My oldest daughter has always been extremely gifted academically and athletically. She was a junior in high school, still being homeschooled and doing extremely well. She was also playing her last year of travel basketball doing well. Then it happened, the anger hit her. The anger of all of the changes, and the actual understanding that the move, the new life, was real.
Unfortunately, I became the scapegoat for all of the challenges that she was having. The anger, outbursts, and defiance were really more than I could handle. I was in a fragile state myself. I had family members, friends, and even her coach try to talk with her and encourage her. I felt helpless, at my wits end. As a forty something year old woman, I remember that I just wanted to lay my head in my mother’s lap and sob, but she was 8 hours away. And when I thought that I was feeling at the lowest as a mother, and her behavior was something that I never expected. She ran away.
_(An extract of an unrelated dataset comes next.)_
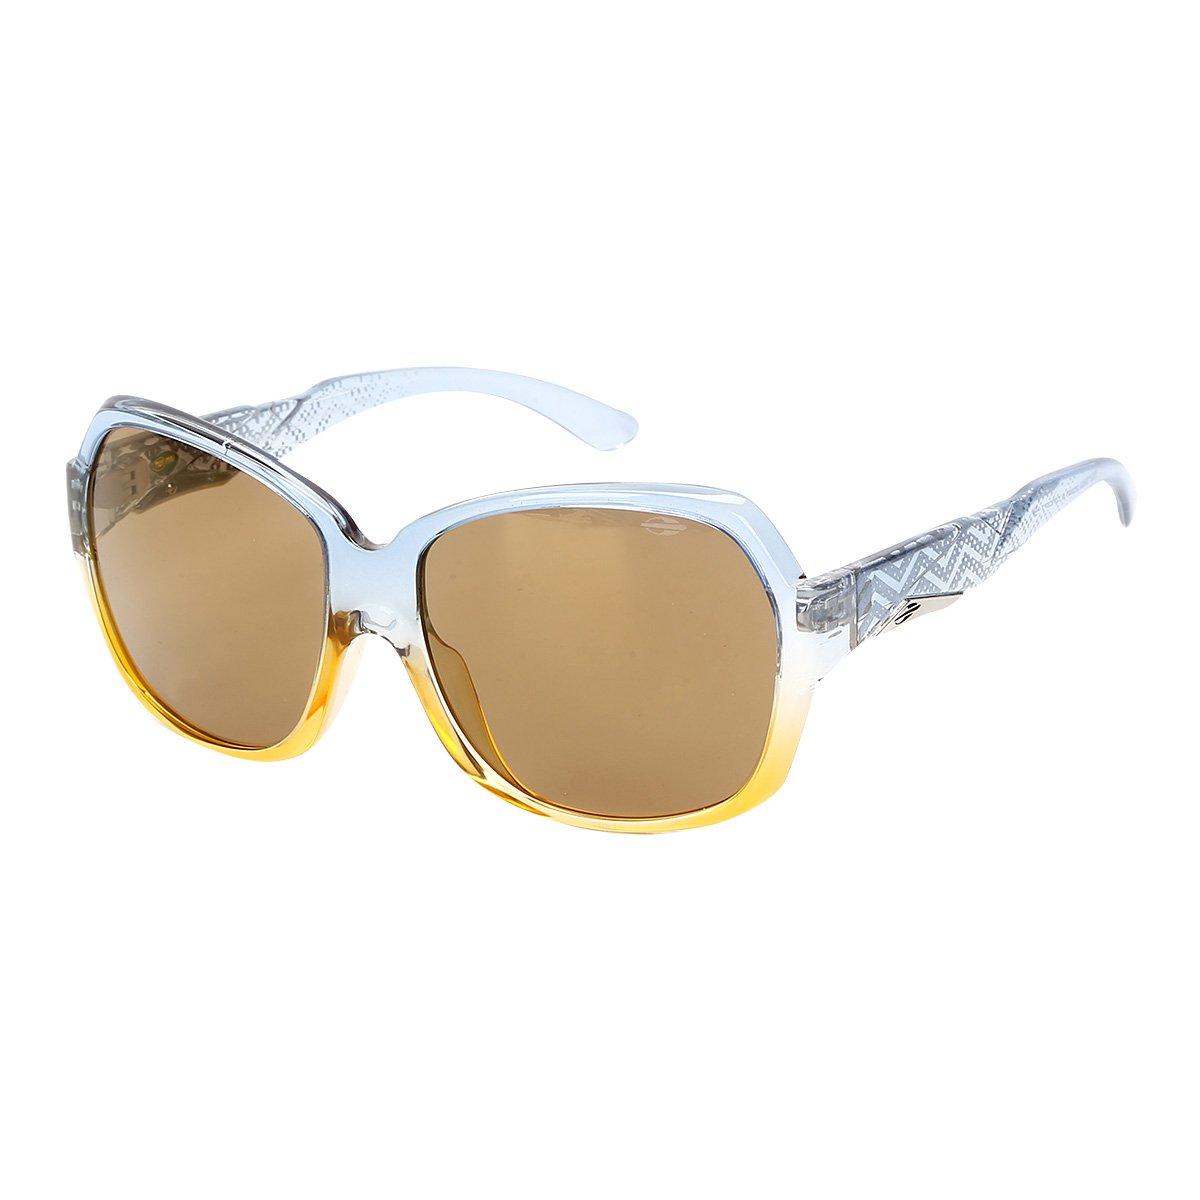 f2d7488ed5033 Óculos de Sol Mormaii Santa 36438281 Feminino

Yes, she ran away. She got on a bus and went two hours away to a friend that she played basketball with in another city. I was devastated. I had to still work and take care of my youngest daughter. I would go in the bathroom at work and cry.
My daughter did call and let me know that she was ok, but did not say where she was. She was gone for two weeks. My heart ached. I prayed and prayed and prayed. I knew that she was ok. God began to give me peace in a situation that I did not understand. I had to stand and trust that He would take care of her, and me.
Long story short, I ended up going to pick her up. She was fine. However, it was at that time that I knew she needed counseling. As adults, I think that we can easily overlook the feelings that teens go through during a divorce. We may think that they know the why of the divorce because they are older, and that they should understand. I found that teens process divorce very differently. Counseling was the best thing that ever happened to her. She went on to graduate the following year from our local public school with honors, and had been inducted into the National Honor Society. She played basketball her senior year, and went on to receive academic scholarship offers from many schools, and ultimately chose a school where she studied civil engineering.
When things seem like they are falling apart, or are really falling apart, keep the faith and continue to stand. God will see you through any situation.